2.6. Statistical analysis
Pearson chi-squared and Fishers' exact test were used to analyze the difference in visual inspection and tenderness between the PAT and CON subjects. Two-sample t-test was used for analyzing electrical skin resistance. The effect sizes (relative risk for visual inspection and tenderness, and mean difference for electrical skin resistance) along with their 95% confidence intervals were calculated. Because of multiple testing, the p values reported have been adjusted for using the Sharpened Bonferroni method [16]. SPSS for Windows V15.0 was used for all data analysis. The statistician was blind to group allocation.
3. Results
There were more males in the PAT than in the CON group (75% vs. 50%, p = 0.019); however gender was not significantly associated with any of the outcome variables and hence was not adjusted for in subsequent analyses.

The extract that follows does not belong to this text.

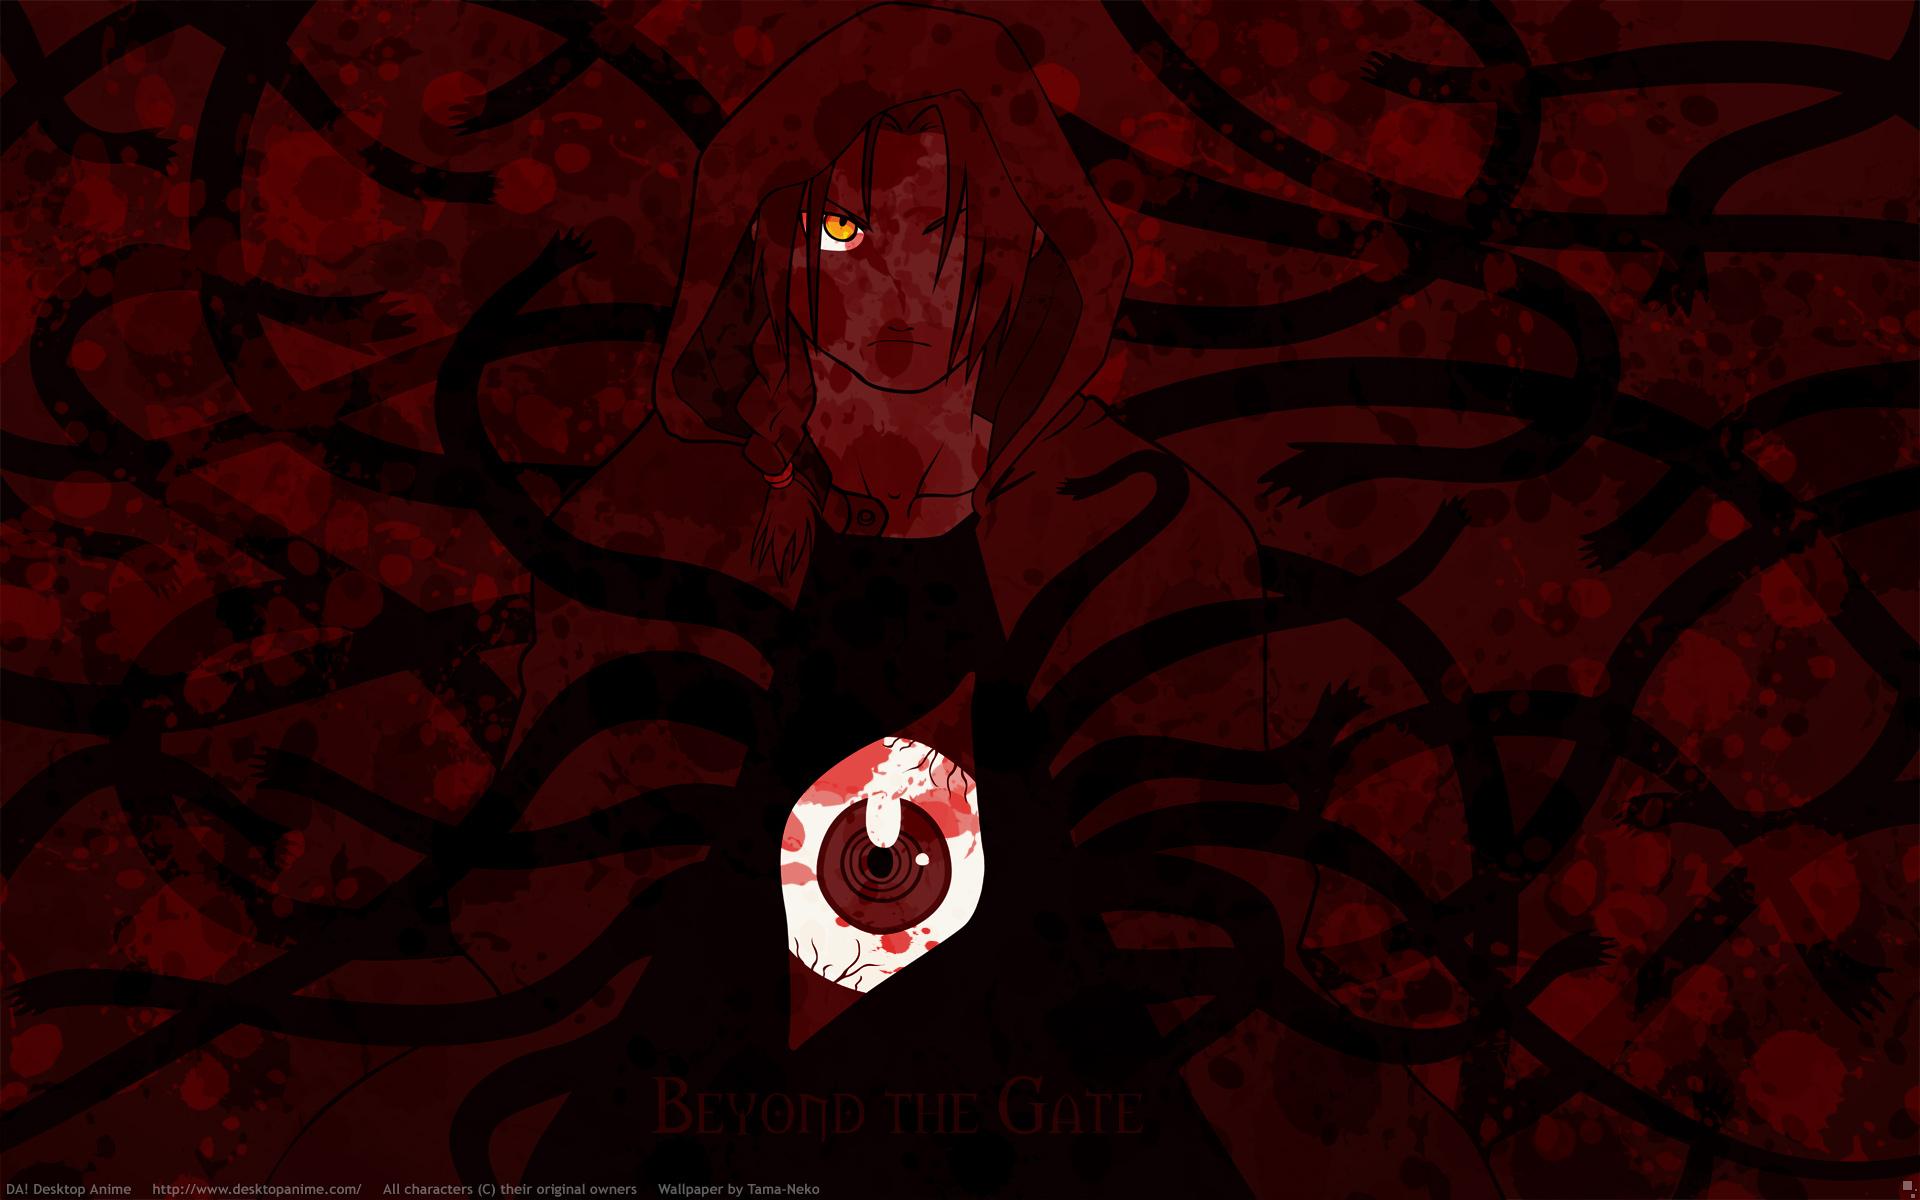 manga fullmetal alchemist wallpapers - photo #26

Mean (±SD) age was not significantly different (PAT group: 39.4 ± 2.8; CON group: 32.5 ± 2.1-years-old; p = 0.051) between the two groups. Nine (45%) of the 20 patients had their ALP outside the normal range; 19 (95%) had their AST and ALT deviated from the normal range.
3.1. Visual inspection
As compared to control subjects, more participants in the PAT group (70% vs. 40%; RR = 1.8; 95% CI, 1.01, 3.1; p = 0.045) had at least one noticeable change on the (L) ear. The sensitivity of this examination was 0.7 and the specificity was 0.6. The difference was much greater in the (R) ear (70% vs. 24%; RR = 2.9; 95% CI, 1.4, 6.2; p = 0.004); with a sensitivity of 0.7 and a specificity of 0.76.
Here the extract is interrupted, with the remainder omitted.